A change to string encoding

public inbox for linux-audit@redhat.com
 help / color / mirror / Atom feed

* A change to string encoding
@ 2009-03-10 11:07 Matthew Booth
  2009-03-10 15:58 ` Steve Grubb
                   ` (2 more replies)
  0 siblings, 3 replies; 6+ messages in thread
From: Matthew Booth @ 2009-03-10 11:07 UTC (permalink / raw)
  To: linux-audit

[-- Attachment #1.1: Type: text/plain, Size: 1017 bytes --]

The problem with current string encoding is that it is parsable, but
non-human readable. It also complicates parsing by requiring 2 different
decoding methods to be implemented.

It occurs to me that a URL encoding scheme would also meet the parsing
requirements. Additionally:

1. It is always human readable.
2. There is only 1 encoding scheme.
3. Substring matching on encoded strings will always succeed.

URL encoding is just one way to achieve this, and has the advantage of
being widely implemented. However, the minimal requirements would be a
scheme which encoded only separator characters (whitespace in this case)
without the use of those separators.

I'm sure this has been considered before. Given that it's a road I'm
considering heading down, what were the reasons for not doing it?

Thanks,

Matt
-- 
Matthew Booth, RHCA, RHCSS
Red Hat, Global Professional Services

M:       +44 (0)7977 267231
GPG ID:  D33C3490
GPG FPR: 3733 612D 2D05 5458 8A8A 1600 3441 EA19 D33C 3490

[-- Attachment #1.2: This is a digitally signed message part --]
[-- Type: application/pgp-signature, Size: 197 bytes --]

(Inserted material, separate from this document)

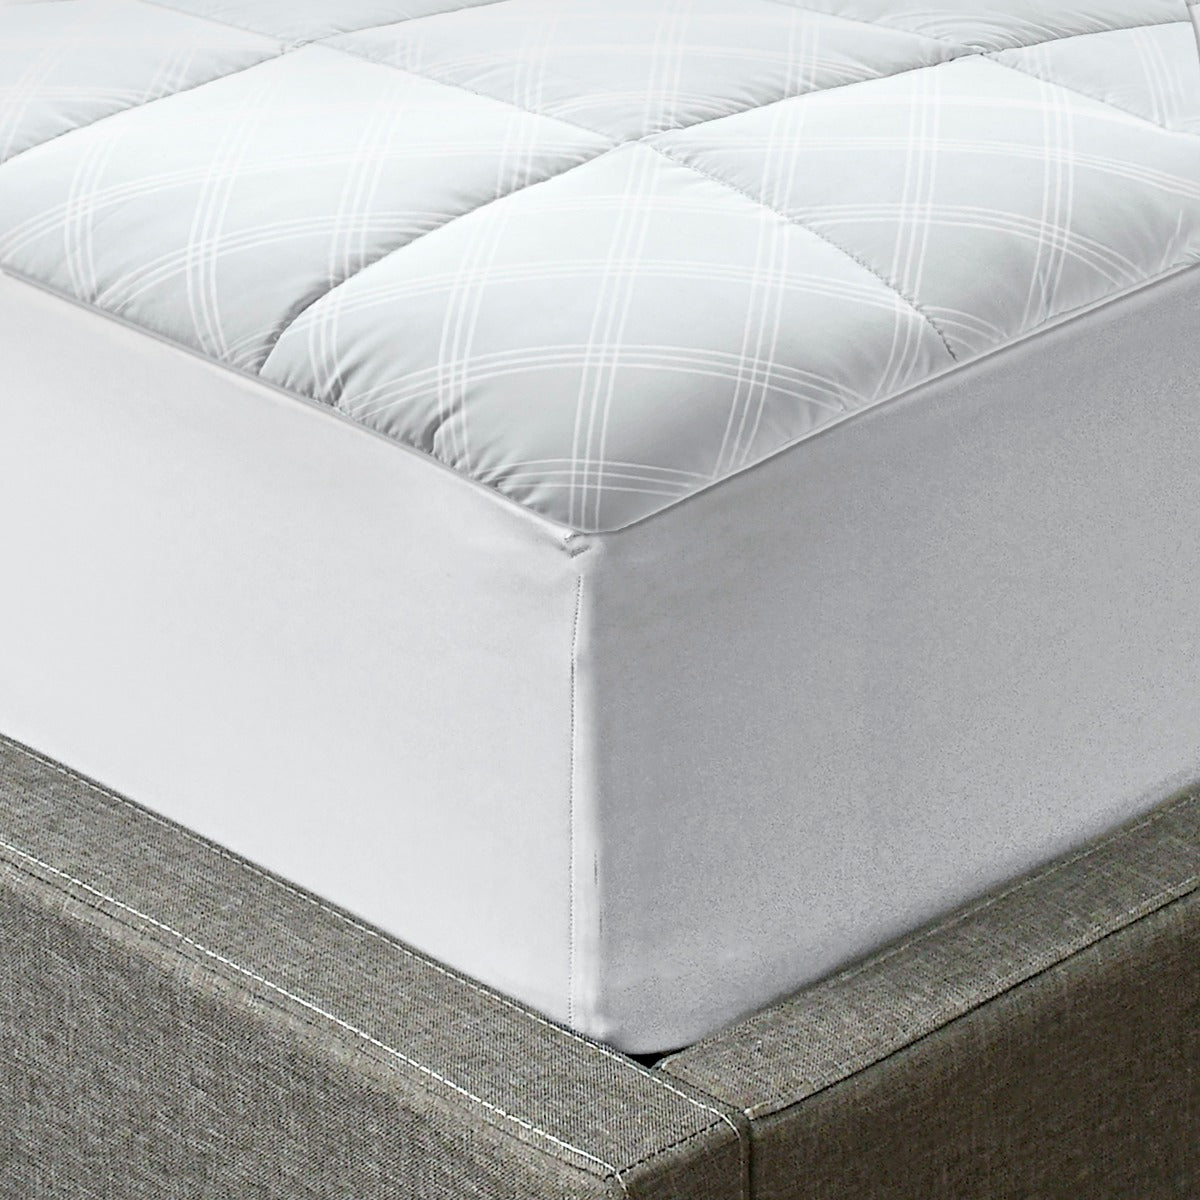 Ultimate Protection And Comfort Allergy Protection Mattress Pad

[-- Attachment #2: Type: text/plain, Size: 0 bytes --]

^ permalink raw reply	[flat|nested] 6+ messages in thread

* Re: A change to string encoding
  2009-03-10 11:07 A change to string encoding Matthew Booth
@ 2009-03-10 15:58 ` Steve Grubb
  2009-03-10 18:13   ` Matthew Booth
  2009-03-10 19:55   ` John Dennis
  2009-03-10 16:22 ` Tomas Mraz
  2009-03-10 18:51 ` Eric Paris
  2 siblings, 2 replies; 6+ messages in thread
From: Steve Grubb @ 2009-03-10 15:58 UTC (permalink / raw)
  To: linux-audit

On Tuesday 10 March 2009 07:07:17 am Matthew Booth wrote:
> The problem with current string encoding is that it is parsable, but
> non-human readable.

There are times when it has things that would never be human readable.

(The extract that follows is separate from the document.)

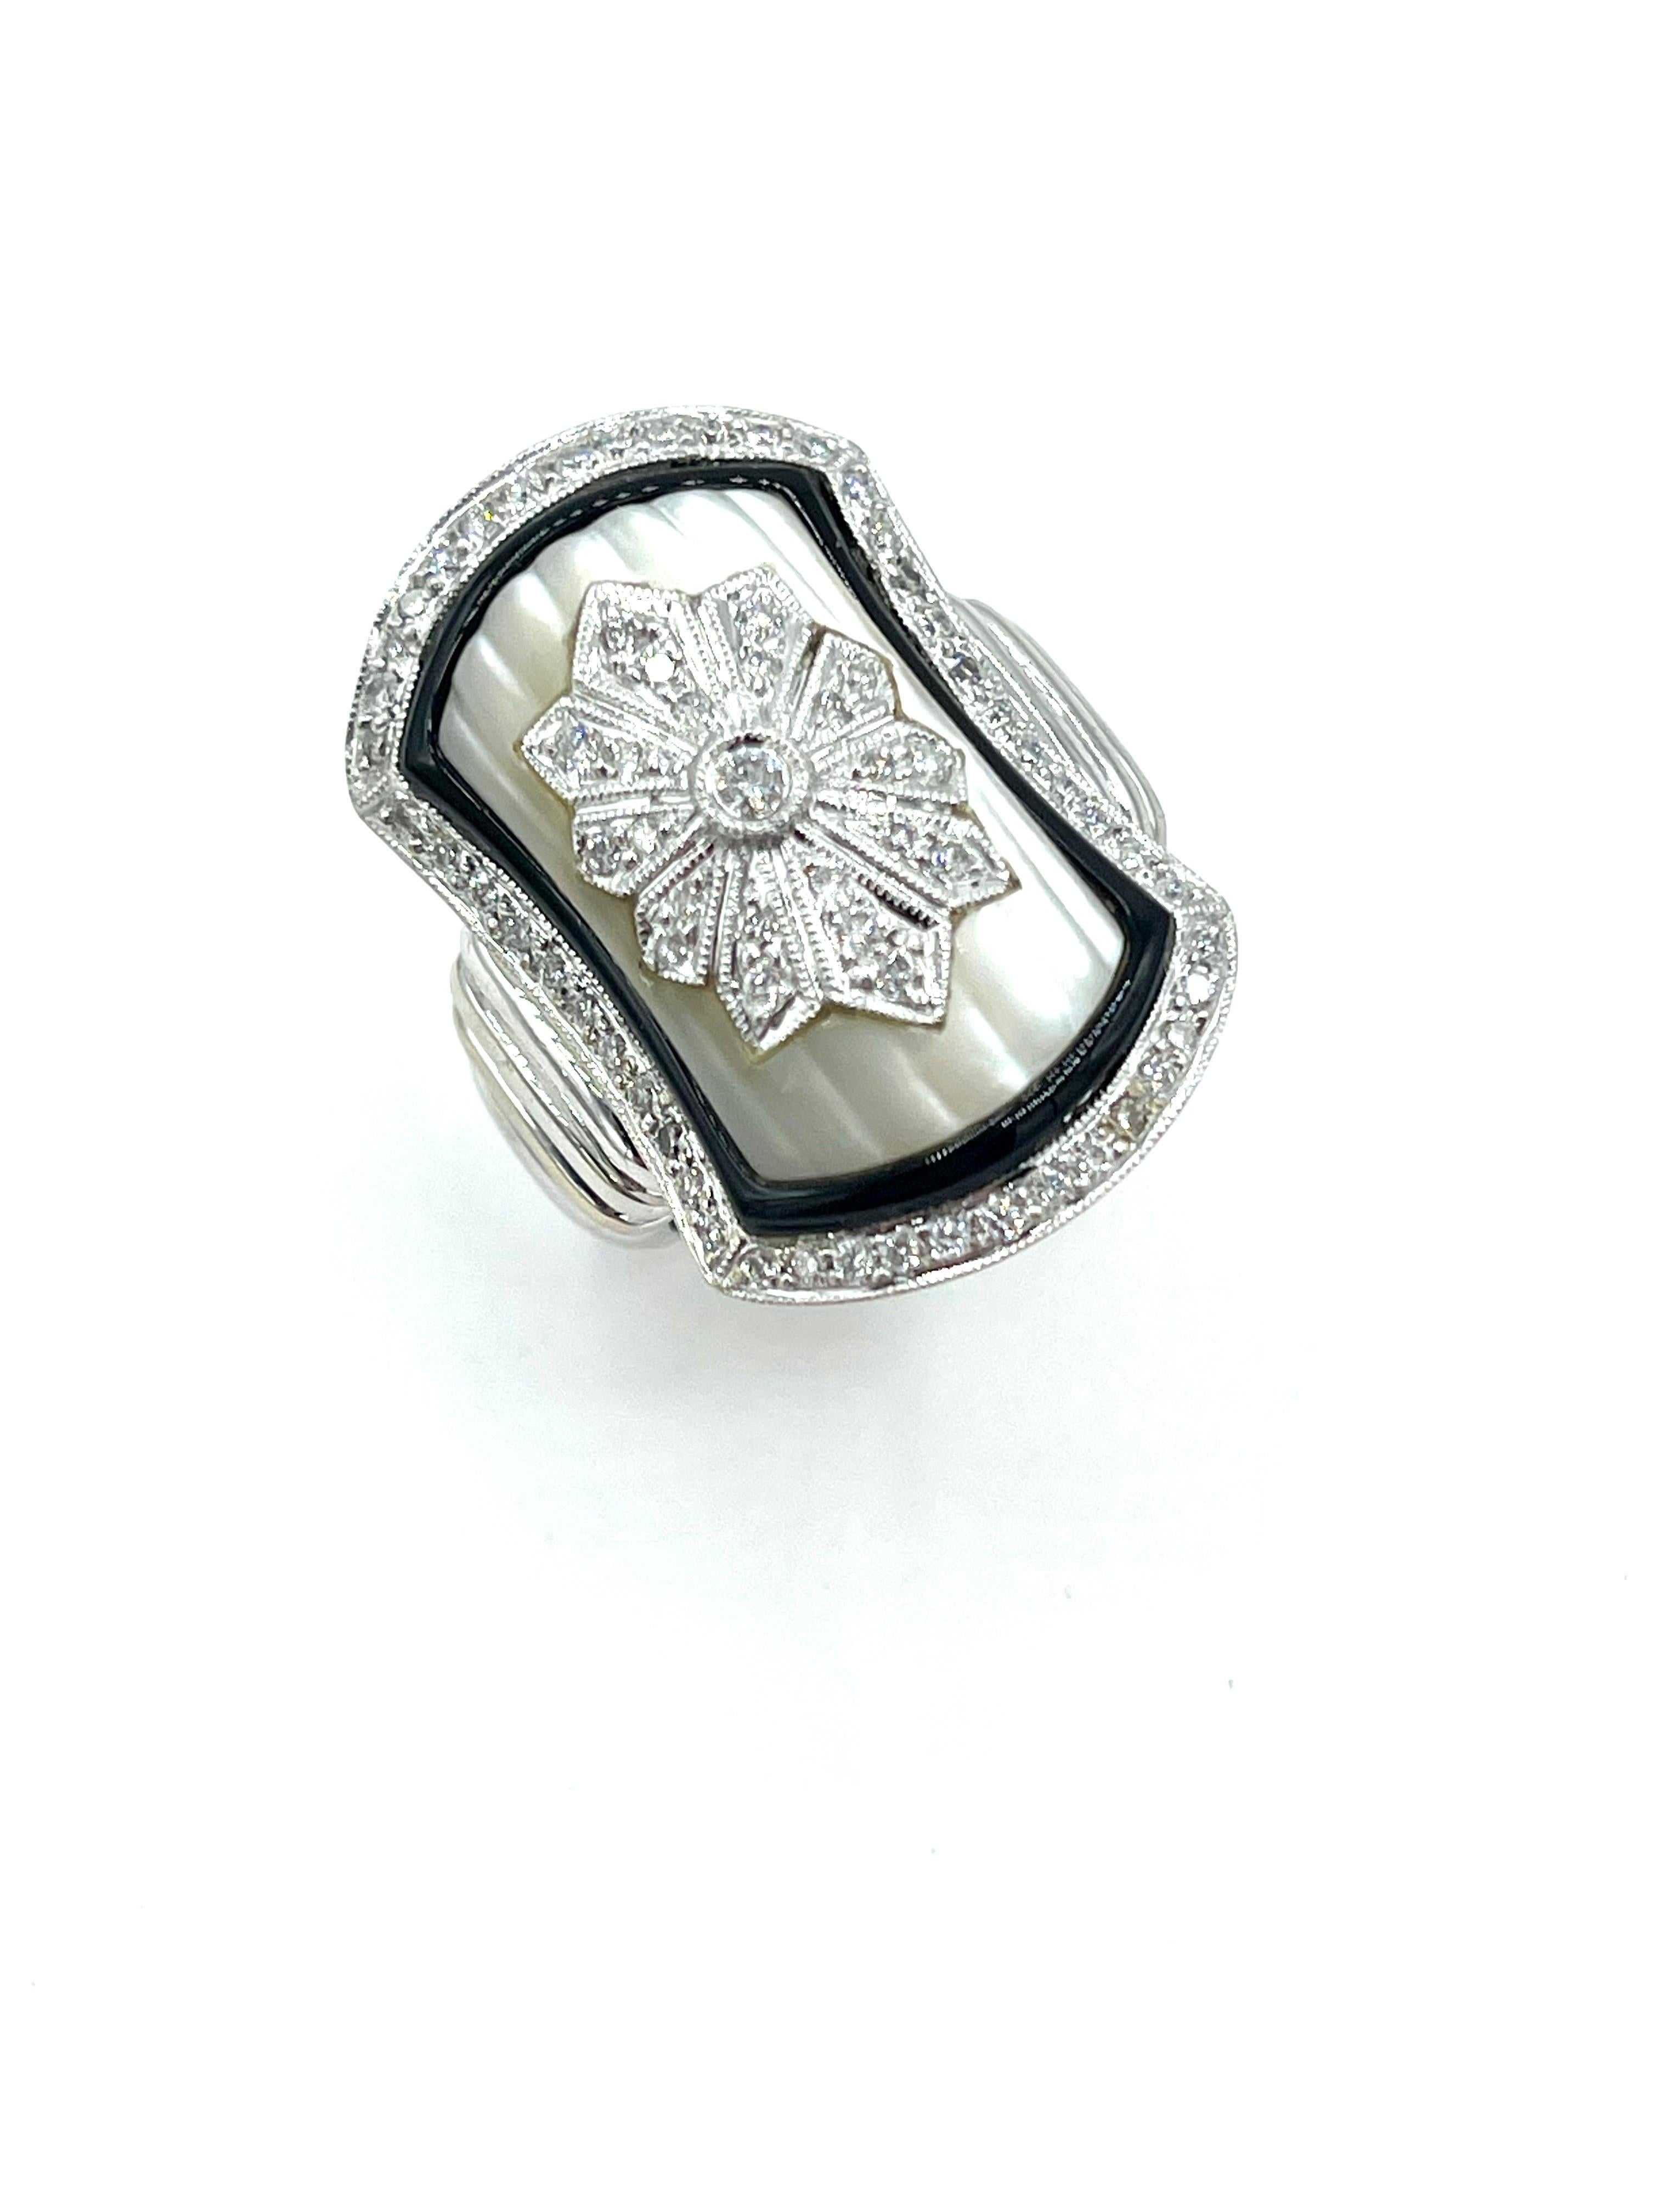  An amazing ring in every aspect.  The ring is designed with a filigree Diamond center set in carved Mother of Pearl, and framed in a single row of Onyx and Diamonds.  The ring is made in 18K white gold.  There is a total of 0.52 carats in round

> URL encoding is just one way to achieve this, and has the advantage of
> being widely implemented. 

Inside the kernel?

> I'm sure this has been considered before. Given that it's a road I'm
> considering heading down, what were the reasons for not doing it?

Can you encode data structures in it? The kernel developer at the time wanted 
something that was either already in the kernel or something that could be 
implemented in a couple lines of code and something that works for any kind 
of encoding that needed to be done. So, I think minimal amount of code and 
maximum flexibility is what drove the decision.

-Steve

^ permalink raw reply	[flat|nested] 6+ messages in thread

* Re: A change to string encoding
  2009-03-10 11:07 A change to string encoding Matthew Booth
  2009-03-10 15:58 ` Steve Grubb
@ 2009-03-10 16:22 ` Tomas Mraz
  2009-03-10 18:51 ` Eric Paris
  2 siblings, 0 replies; 6+ messages in thread
From: Tomas Mraz @ 2009-03-10 16:22 UTC (permalink / raw)
  To: linux-audit

On Tue, 2009-03-10 at 11:07 +0000, Matthew Booth wrote:
> The problem with current string encoding is that it is parsable, but
> non-human readable. It also complicates parsing by requiring 2 different
> decoding methods to be implemented.
> 
> It occurs to me that a URL encoding scheme would also meet the parsing
> requirements. Additionally:
> 
> 1. It is always human readable.
> 2. There is only 1 encoding scheme.
> 3. Substring matching on encoded strings will always succeed.
> 
> URL encoding is just one way to achieve this, and has the advantage of
> being widely implemented. However, the minimal requirements would be a
> scheme which encoded only separator characters (whitespace in this case)
> without the use of those separators.
> 
> I'm sure this has been considered before. Given that it's a road I'm
> considering heading down, what were the reasons for not doing it?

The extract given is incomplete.